YOUR INSTRUCTIONS ▸
With the pictures omitted, transcribe each line below exactly as it is.

INFORMATION PROVIDED ▸
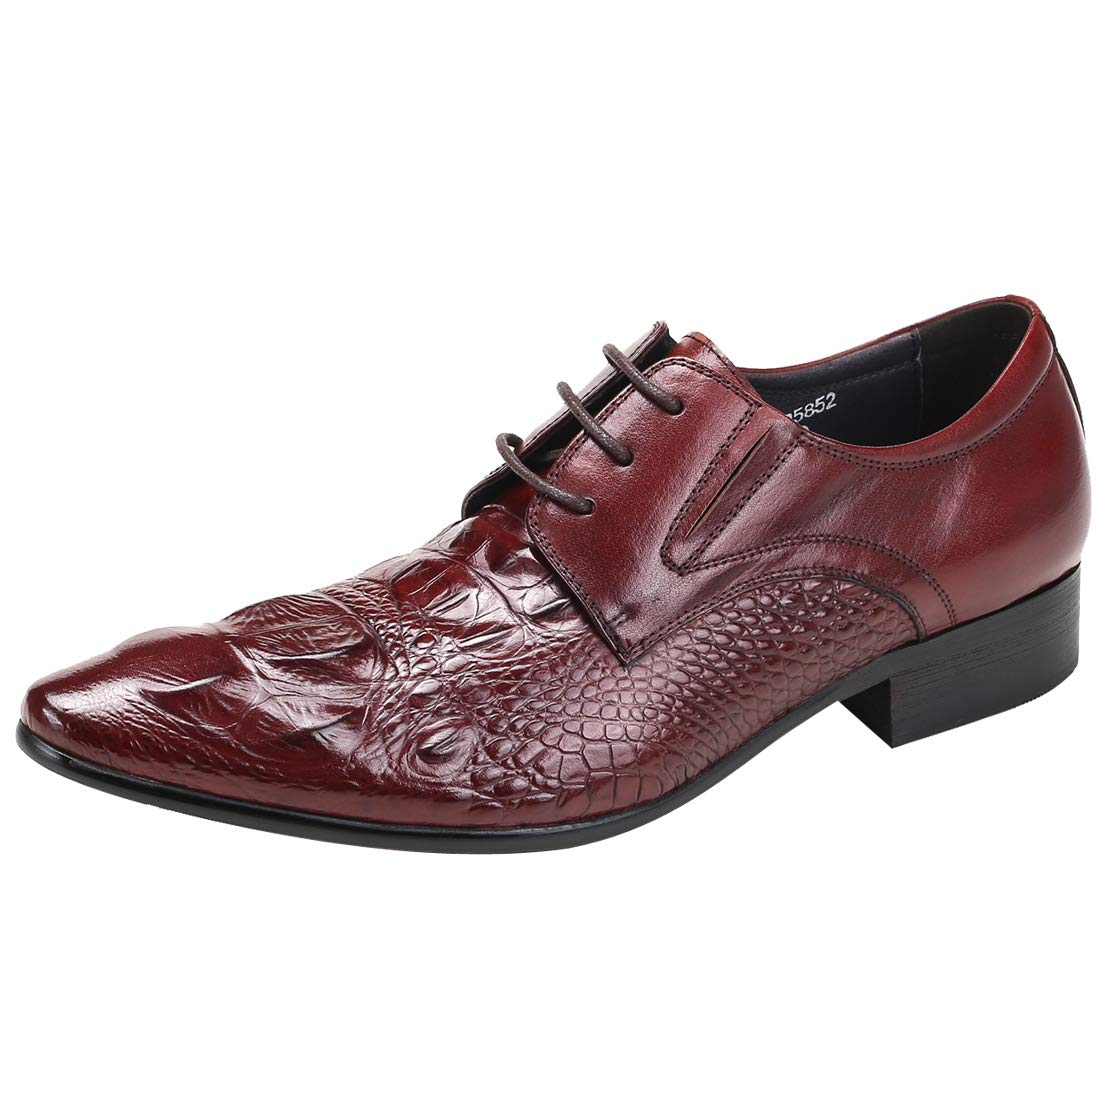 Mönster för röda mänyer mänyer mänyer Krokodiler Derby Business läder Pointed Footwear Formal Genuine Dress Toe skor  designer online
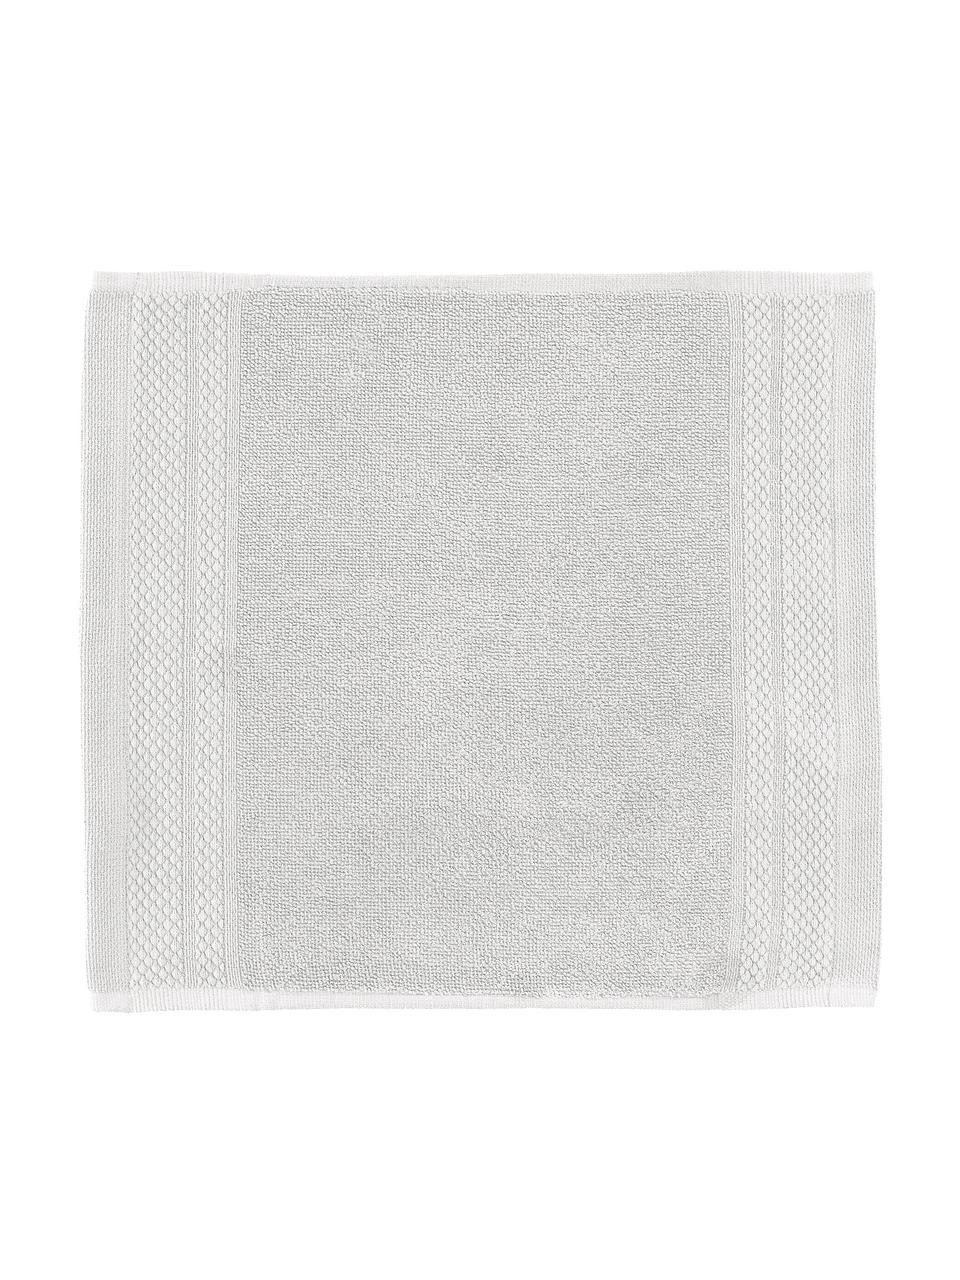 Asciugamano in varie dimensioni con bordo decorativo classico Premium, Grigio chiaro, Larg. 30 x Lung. 30 cm
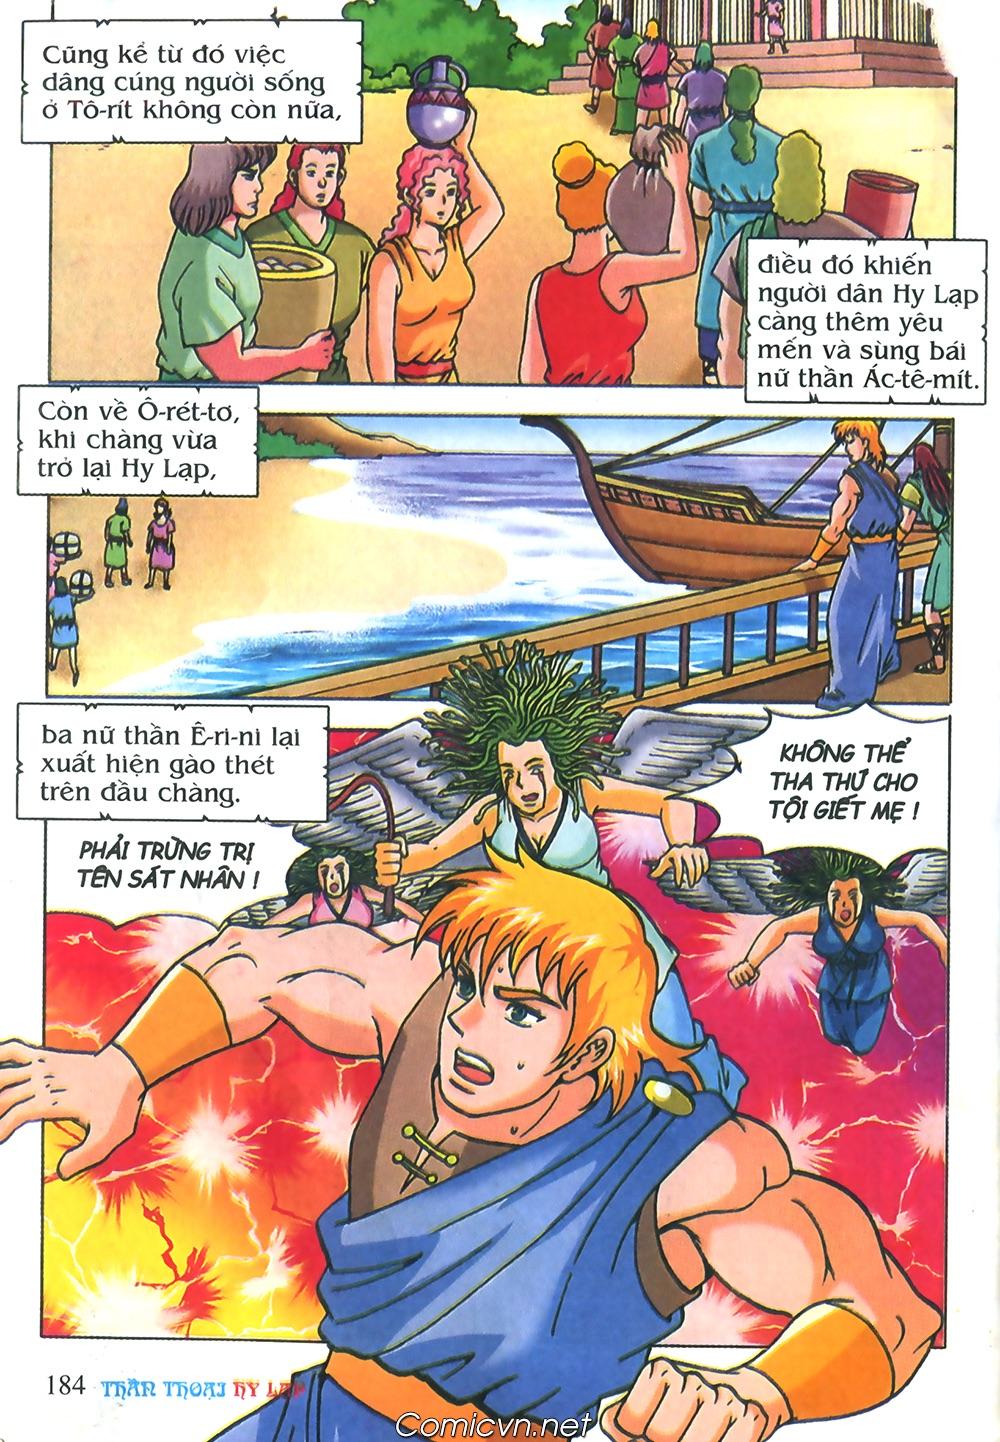 Thần Thoại Hy Lạp Màu - Chapter 71: Nàng Ê lếch tơ 2 - Pic 35

EXERCISE RESPONSE ▸
 Mönster för röda mänyer mänyer mänyer Krokodiler Derby Business läder Pointed Footwear Formal Genuine Dress Toe skor  designer online
 Asciugamano in varie dimensioni con bordo decorativo classico Premium, Grigio chiaro, Larg. 30 x Lung. 30 cm
 Thần Thoại Hy Lạp Màu - Chapter 71: Nàng Ê lếch tơ 2 - Pic 35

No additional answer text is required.